As time wore on, their emotional states began to diverge. "Some were very distressed, so we had to put locks on the windows, and psychiatrists came every day," she explained. "Others just needed to talk, they needed to tell us everything."

"And then there were those who were less seriously injured, who were ready to go home, but they didn't want to. They were afraid. So we had to psychologically prepare them, to tell them, ‘No, it's okay, you really don't have any reason to be here anymore, life will continue.'"

"It's horrible to live in fear. It shouldn't have to be like that."

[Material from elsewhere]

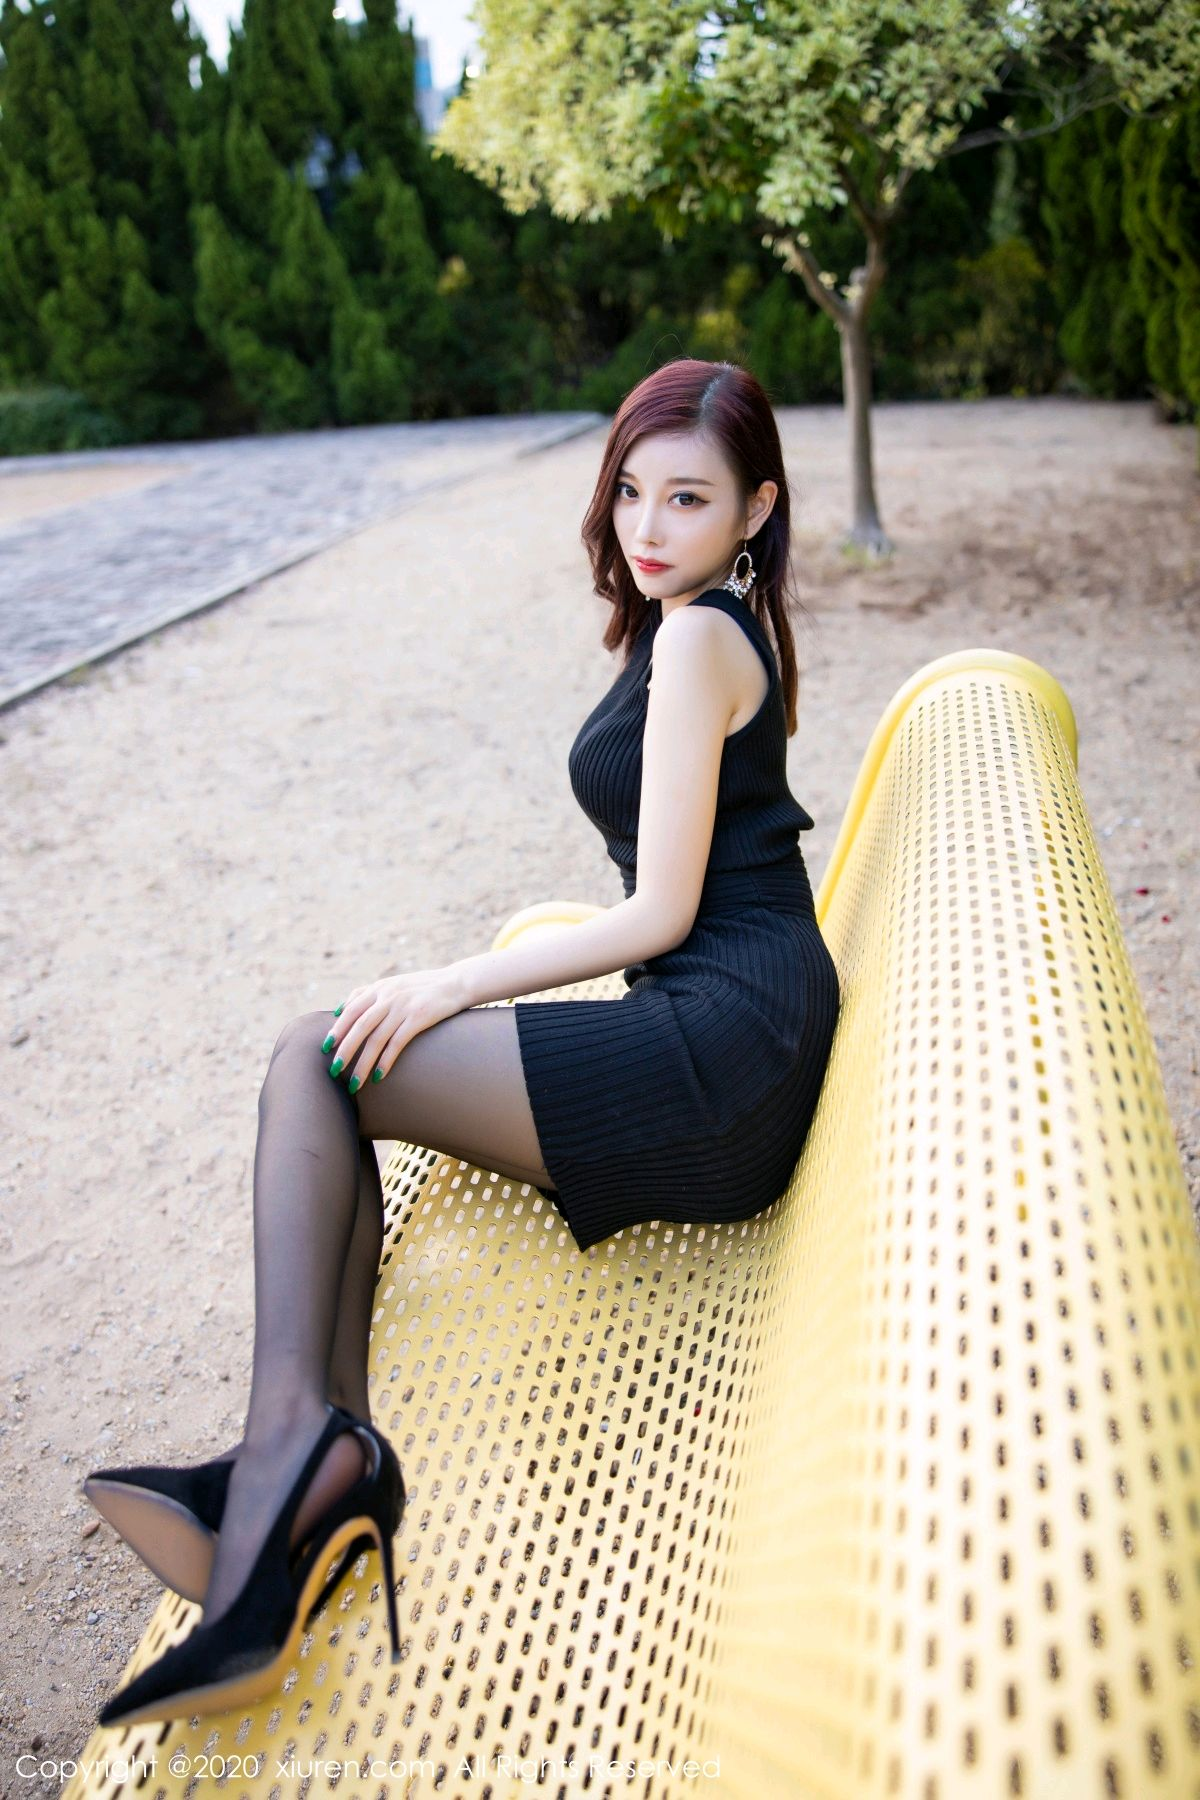 [XiuRen] Vol.2648 Yang Chen Chen 53P, Black Silk, Outdoor, Xiuren, Yang Chen Chen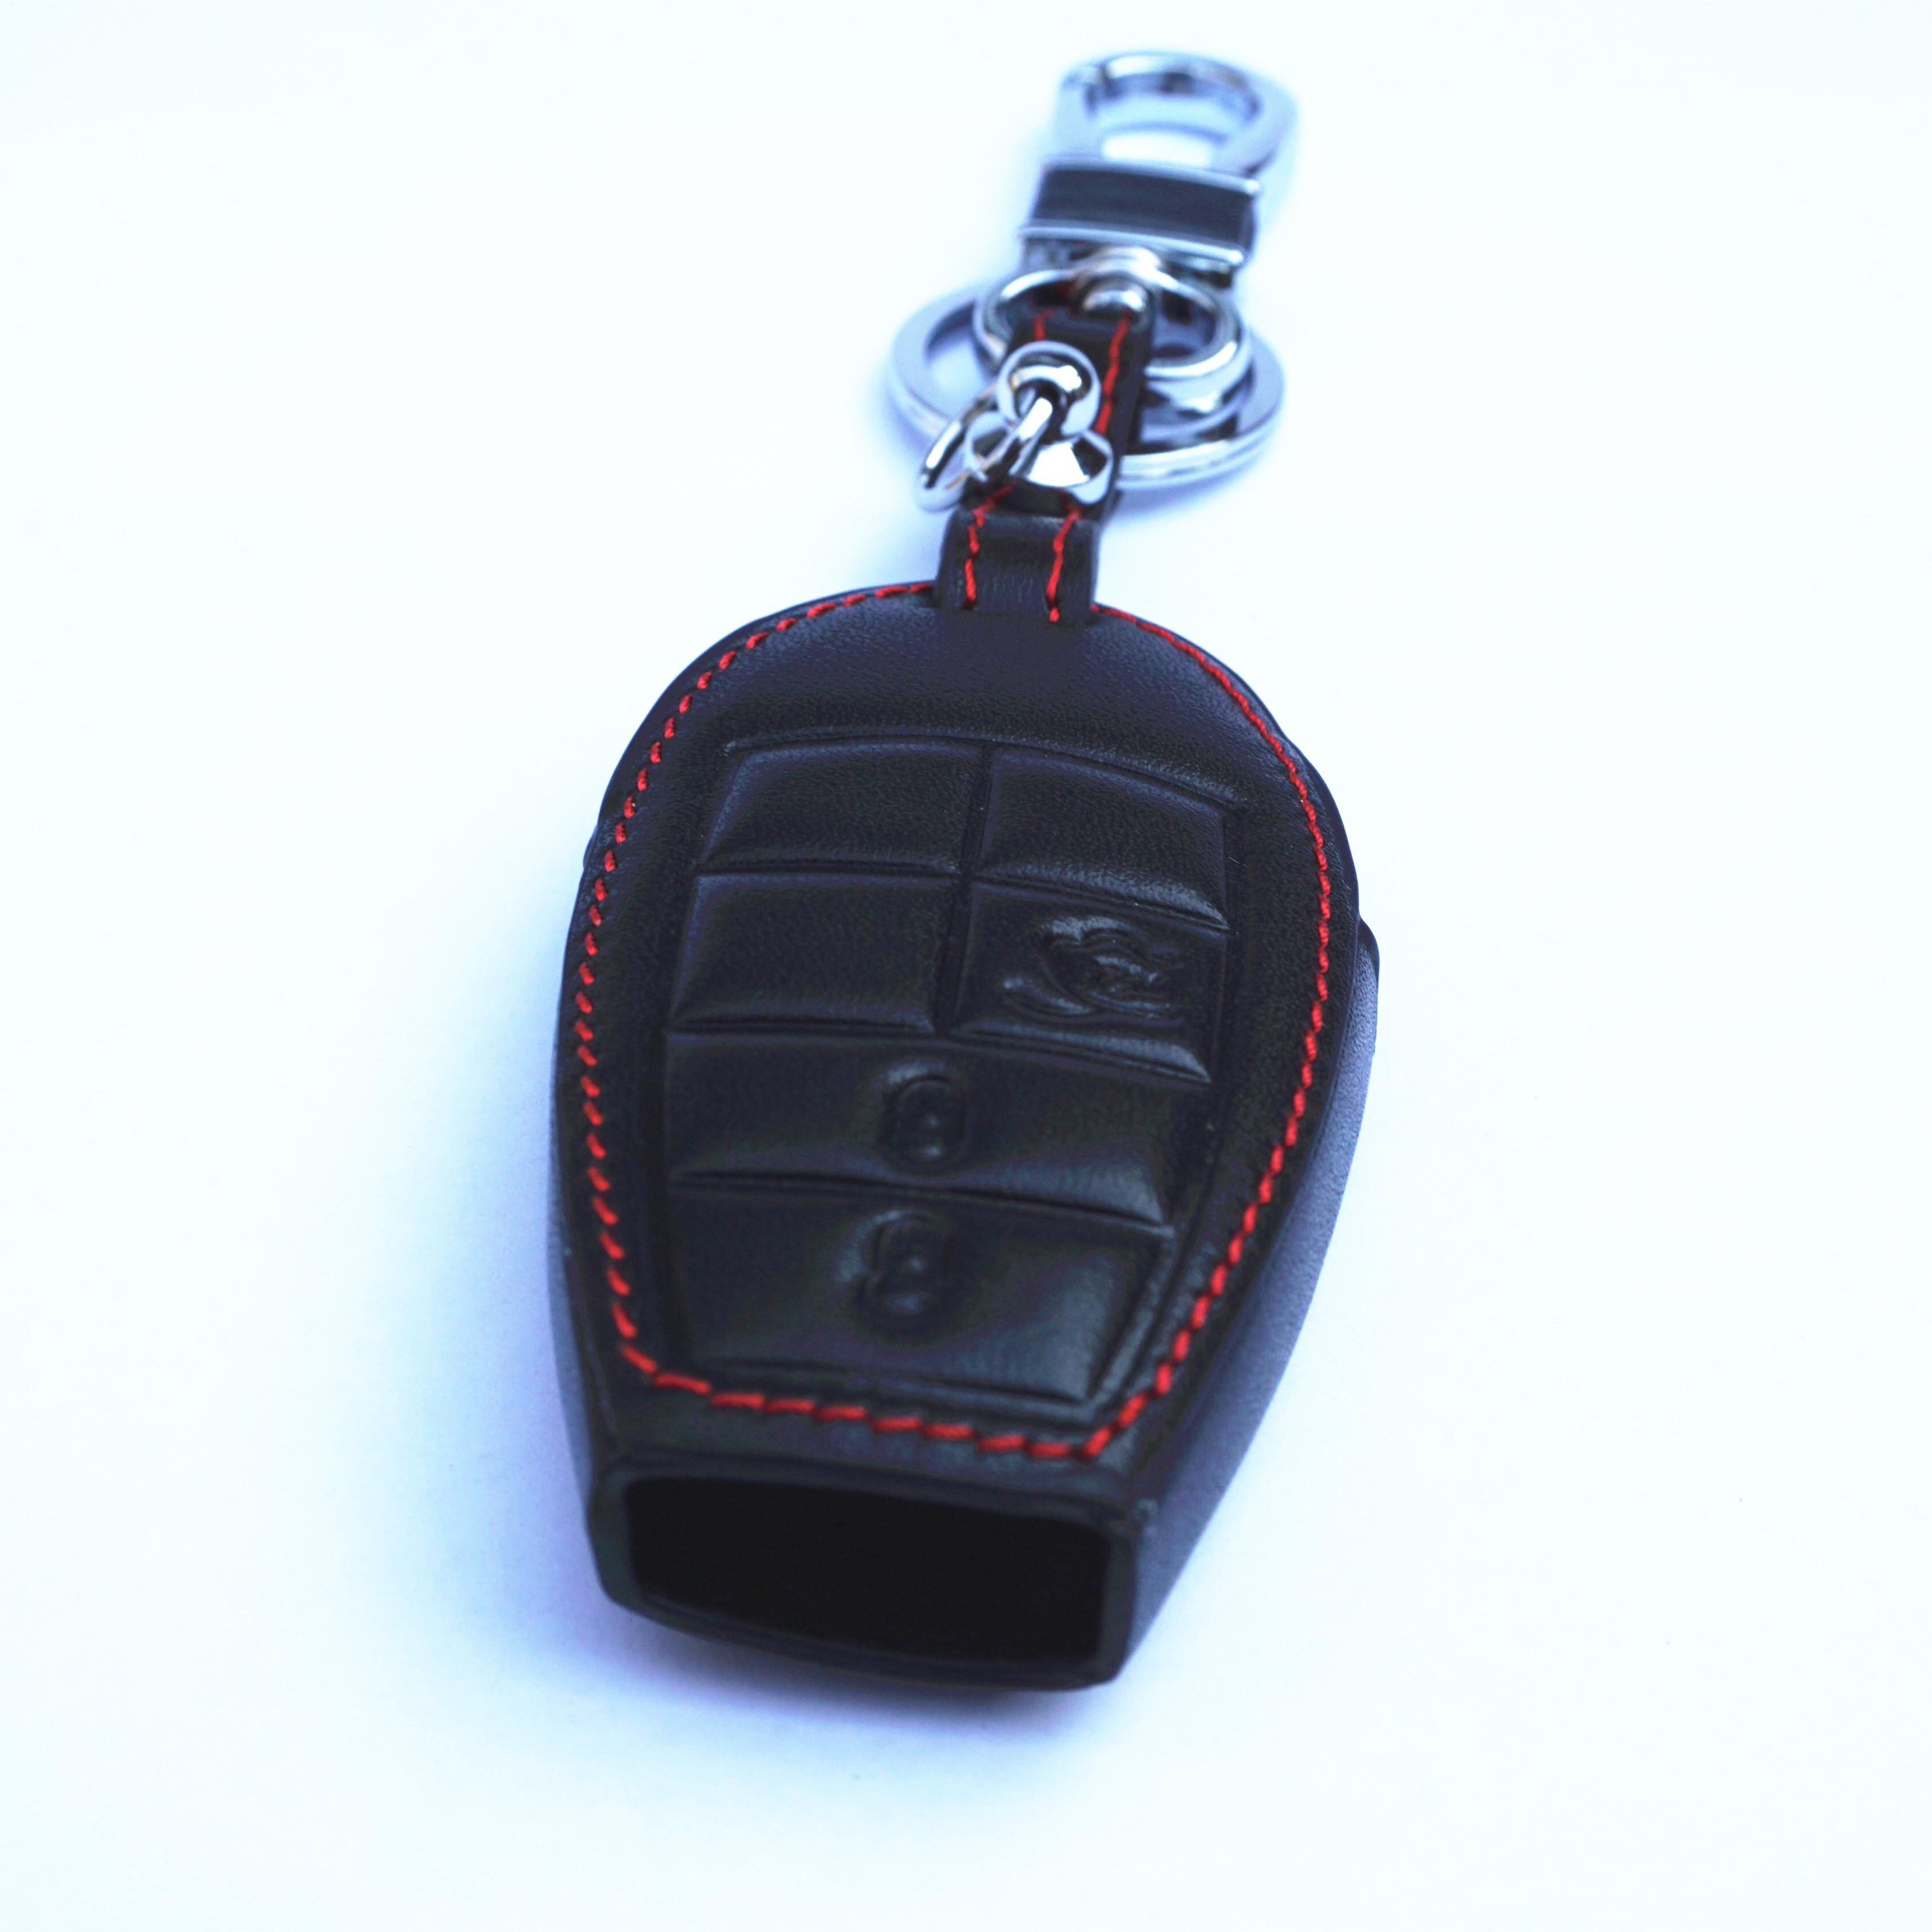 Chrysler Logo Black Leather Strap Key Chain Key-Ring iPick Image

Hundreds of victims were received at hospitals across Paris following the attacks, in a response that President François Hollande praised as "remarkable." Independent doctors and nurses had been on strike over proposed health care reforms prior to Friday's attacks, but they immediately ended it and sprung into action as the violence spread. At Marie's hospital, the former chief of surgery, who had left his post to head up a private clinic, returned Friday night to oversee the operations.

For Marie, the grieving only began once she returned to her apartment on Sunday. She had spent nearly 48 hours at the epicenter of terror, but was isolated from all media, unable to process the scale and brutality of what happened. She immediately went to sleep, and after catching up on the news, went out for a coffee with some friends that afternoon.

It wasn't long been before panic set in. As she and her friends sat on a terrace near République, people suddenly began running through the streets after hearing what they thought was gunfire. They rushed inside the cafe, laid on the ground, and held their breaths in terror as helicopters flew overhead. This time, it was a false alarm — just some "pranksters" who set off firecrackers. But Marie, like many others here, still can't escape the fear of what may come next.

"It's still terrifying. I just came back from a restaurant, and I was scared," she told me. "I'm scared when I go on the metro, I'm scared of everything. But it's horrible to live in fear. It shouldn't have to be like that."